Я замялся. Было неловко, что она так сразу угадала мое настроение.

– Видишь ли, – осторожно сказал я, – у меня такая работа. Хорошая она, плохая или никакая – другой вопрос. Я хочу ее делать так, чтобы было не стыдно. Иногда у меня получается. Иногда нет. Вчера не получилось. Во многом из-за того, что ты сидела в зале. Я думал только о тебе и ни о чем другом. Мне очень сложно так выступать. И потом сегодня последний концерт. Самый ответственный.

Тут я, конечно, лукавил. Последний концерт редко проходит удачно. И отношение к нему, обычно, легкомысленное. Чаще всего он бывает «зеленым». То есть как бог на душу положит. Со всеми возможными накладками и посильной лептой каждого в общее игривое настроение. Сказывается близость отъезда. Спихнуть – и с плеч долой.

В Кишиневе Илья сорвал голос и последний концерт вел Мурай. Мы выходили прямо из зала. Андрей старался, чтобы нам тоже было весело. Сережу, например, он объявил так:

– Выступает такой-то… Вон он, кстати, сидит. Уже к кому-то клеится. Я думаю, он что-нибудь нам почитает. Ну что, Сережа, будем выступать или глазки строить?

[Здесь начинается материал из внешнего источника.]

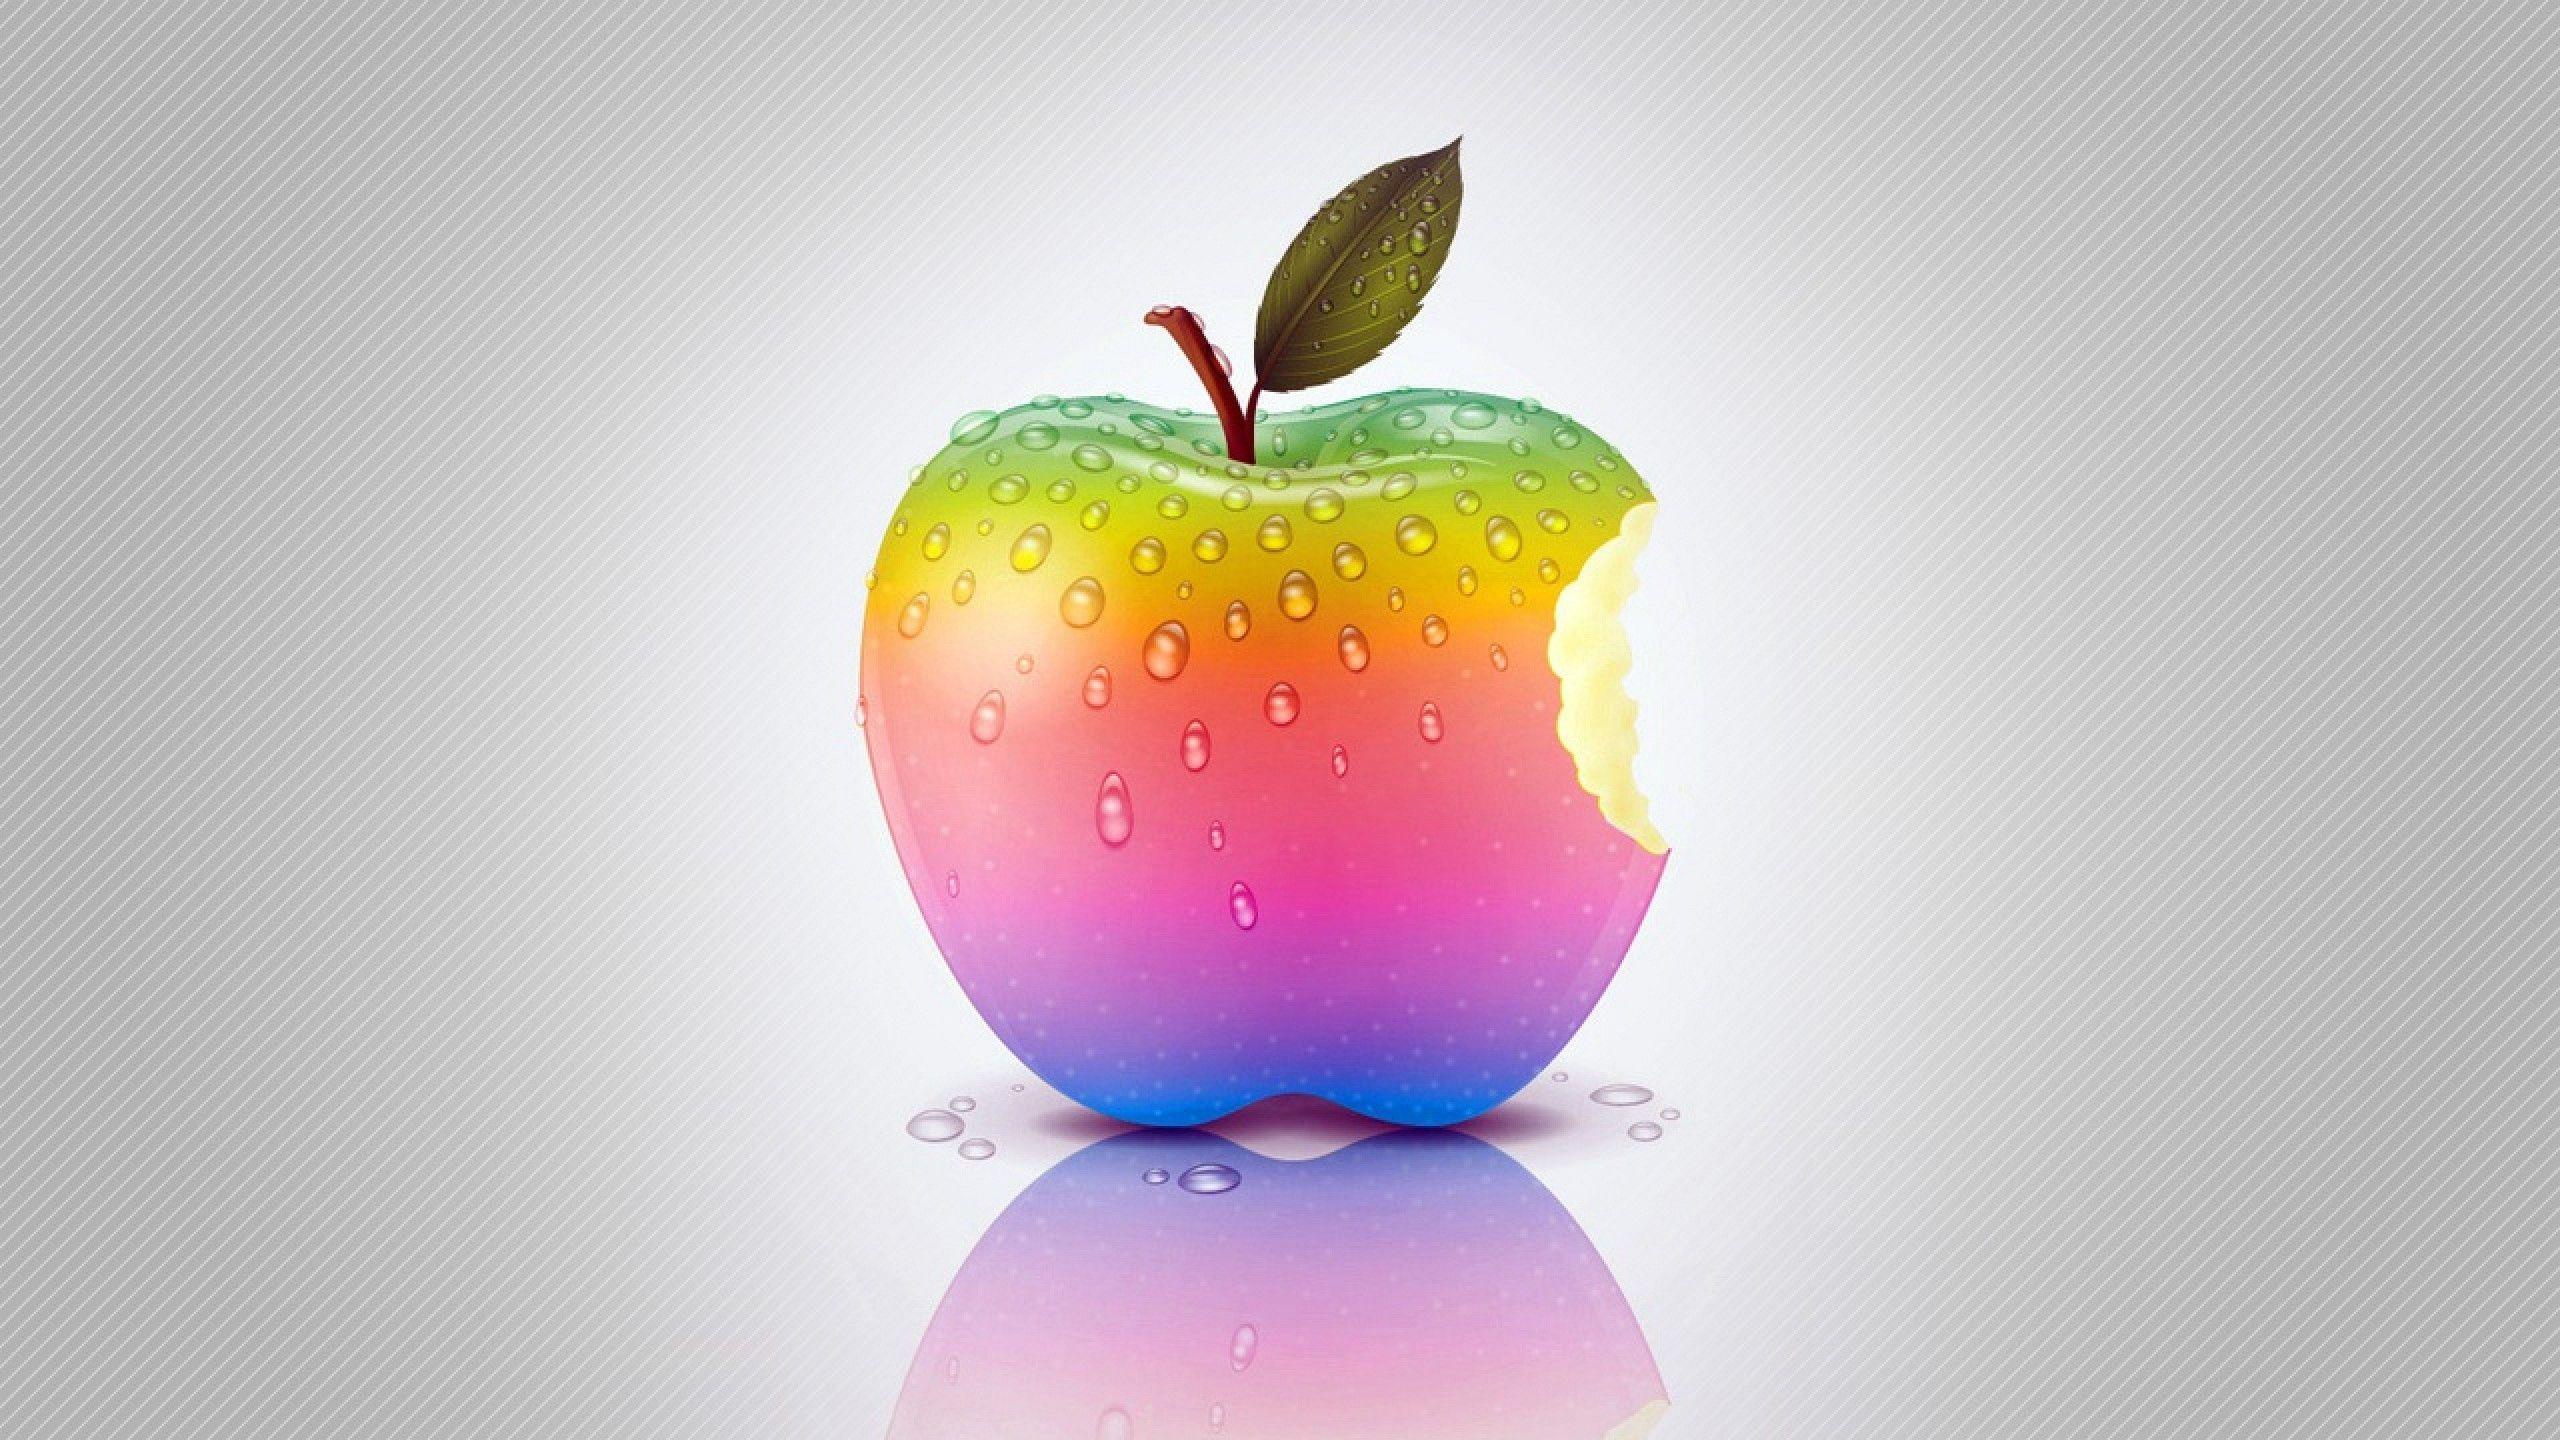 Epingle Par Nathalie Meyers Sur Apple Fond D Ecran Telephone Fond Ecran Apple Fond Ecran

Мы почему-то смеялись громче остальных…

А вот то, что я себя хуже чувствую, когда в зале сидят знакомые, – это точно. Многие выступающие, наоборот, стараются приглашать как можно больше «своих». Поддержать, помочь раскачать зрителей. Меня такая поддержка не вдохновляет. В глубине души я всегда жутко боюсь возможного провала. При ненужных свидетелях боязнь обостряется. Мне неловко идти по накатанной колее. Предлагать вчерашнее блюдо. Говорить то, что они уже слышали. При этом играть в естественность и полет фантазии. Я начинаю лихорадочно что-то менять. Комкаю свое выступление. Говорю каким-то суконным языком и пропускаю ударные репризы. А новые изобрести не так-то просто.